Earlier, House Speaker John Boehner said he is willing to negotiate budget issues with President Obama without any conditions. "I'm not drawing any lines in the sand," he told reporters.

Shortly after the press conference, Boehner's spokesman said Obama called Boehner and reiterated that he would not negotiate on the government funding bill or debt ceiling increase.

(Read more: What is the 'debt ceiling,' anyway? We explain)

In the absence of hard economic data due to the shutdown, investors will focus on the upcoming third-quarter earnings season.

Former Dow component Alcoa and KFC parent company Yum Brands were slated to post quarterly results after the market close.

Meanwhile, two Federal Reserve officials said that they had wanted the central bank to begin scaling back back asset purchases during their meeting in September. Cleveland Fed President Sandra Pianalto said the improvement in labor market conditions since the Fed launched the program in the fall of 2012 seemed "substantial enough" to support a tapering of the stimulus package.

And at a separate event, Philadelphia Fed president Charles Plosser said economic conditions are now in place that should allow the Fed to quickly end its bond purchasing program.

The Treasury auctioned $30 billion in 3-year notes at a high yield of 0.710 percent. The bid-to-cover ratio, an indicator of demand, was 3.05, versus a recent average of 3.35. Benchmark 10-year notes were last down 3/32 in price to yield 2.643 percent. The yields have struggled to break below resistance at around 2.60 percent.

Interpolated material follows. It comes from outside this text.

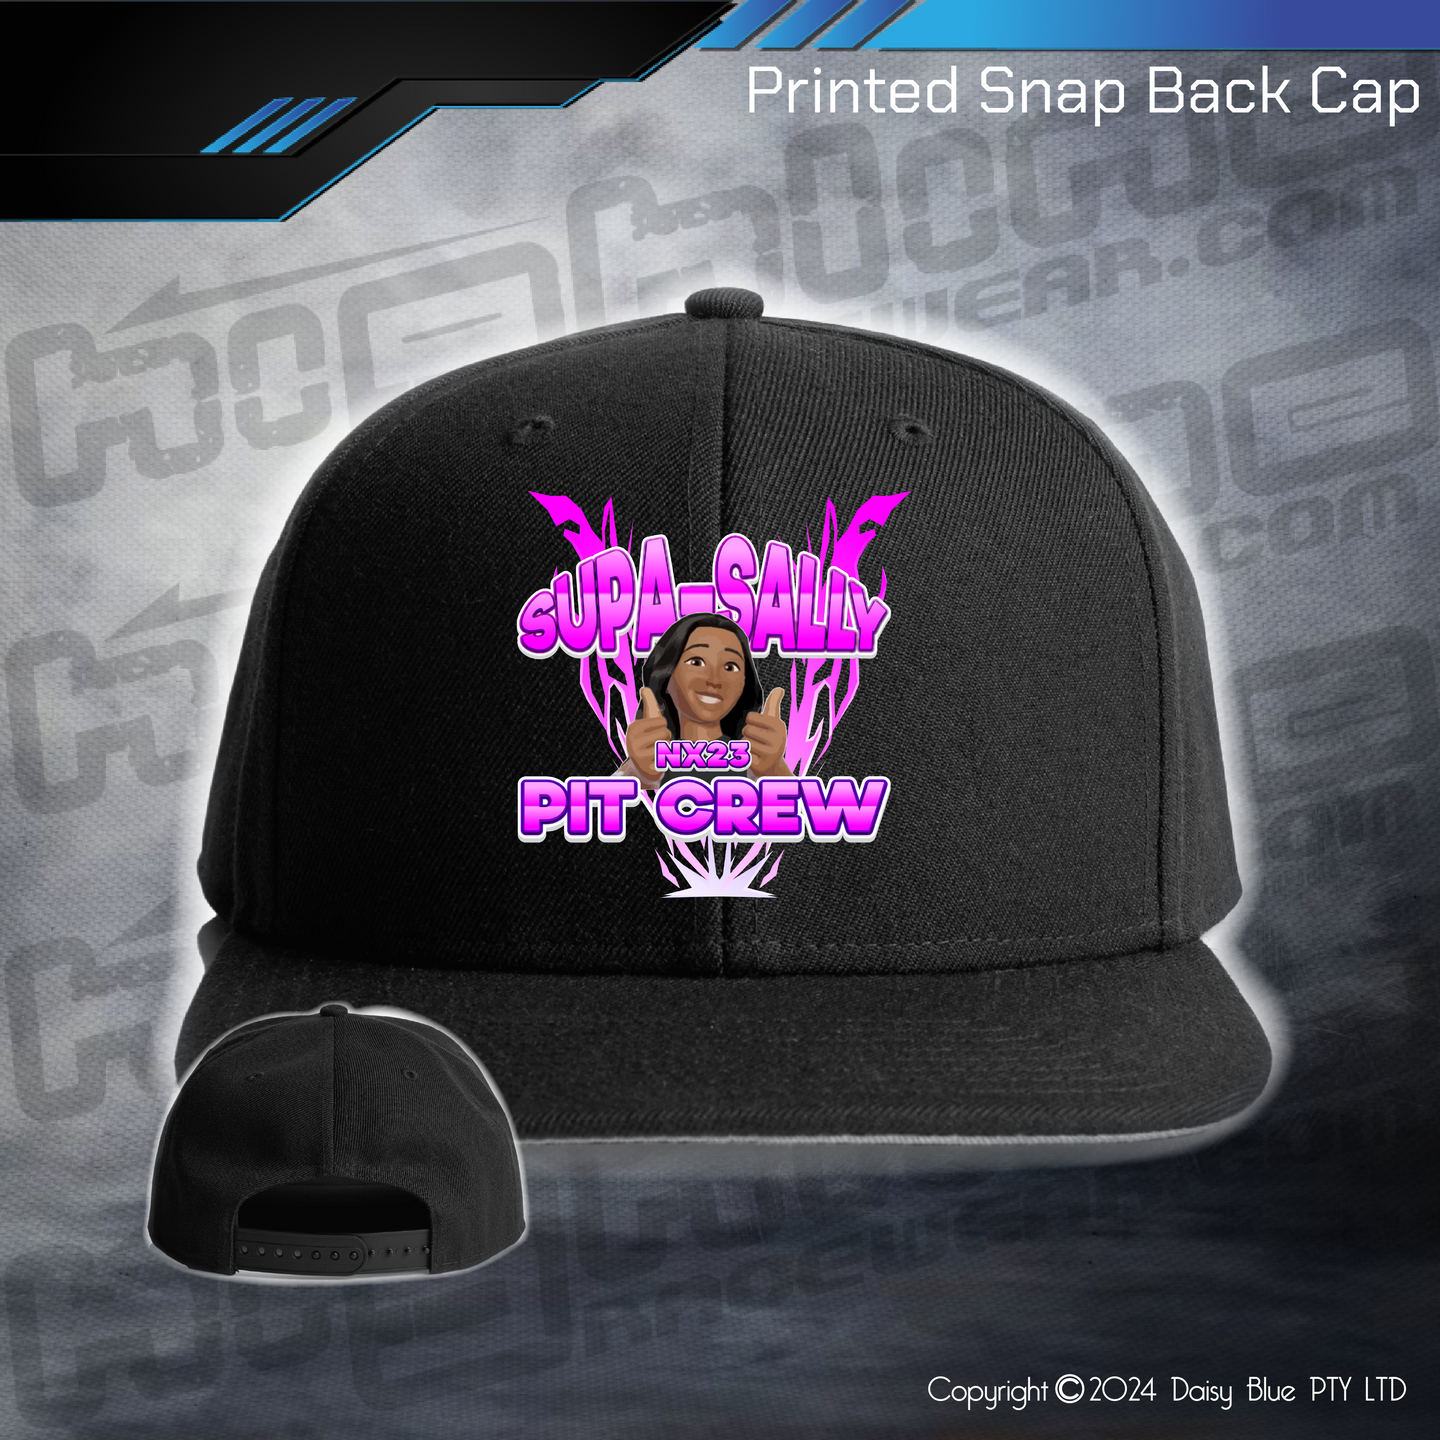 Printed Snap Back CAP - Supa-Sally

The auction was the first of a $64-billion supply this week. The Treasury will sell $21 billion in 10-year notes on Wednesday and $13 billion of 30-year bonds on Thursday.

Asian shares pared most of their early losses on Tuesday, as mainland Chinese and Hong Kong markets climbed in the first day of trade after the "Golden Week" public holiday.

Shares were lower in Europe meanwhile, with British retailers trading down after the British Retail Consortium reported weaker sales growth. But technology stocks were higher, boosted by a bounce in shares of French company Alcatel-Lucent, which announced the latest part of its cost-cutting plan.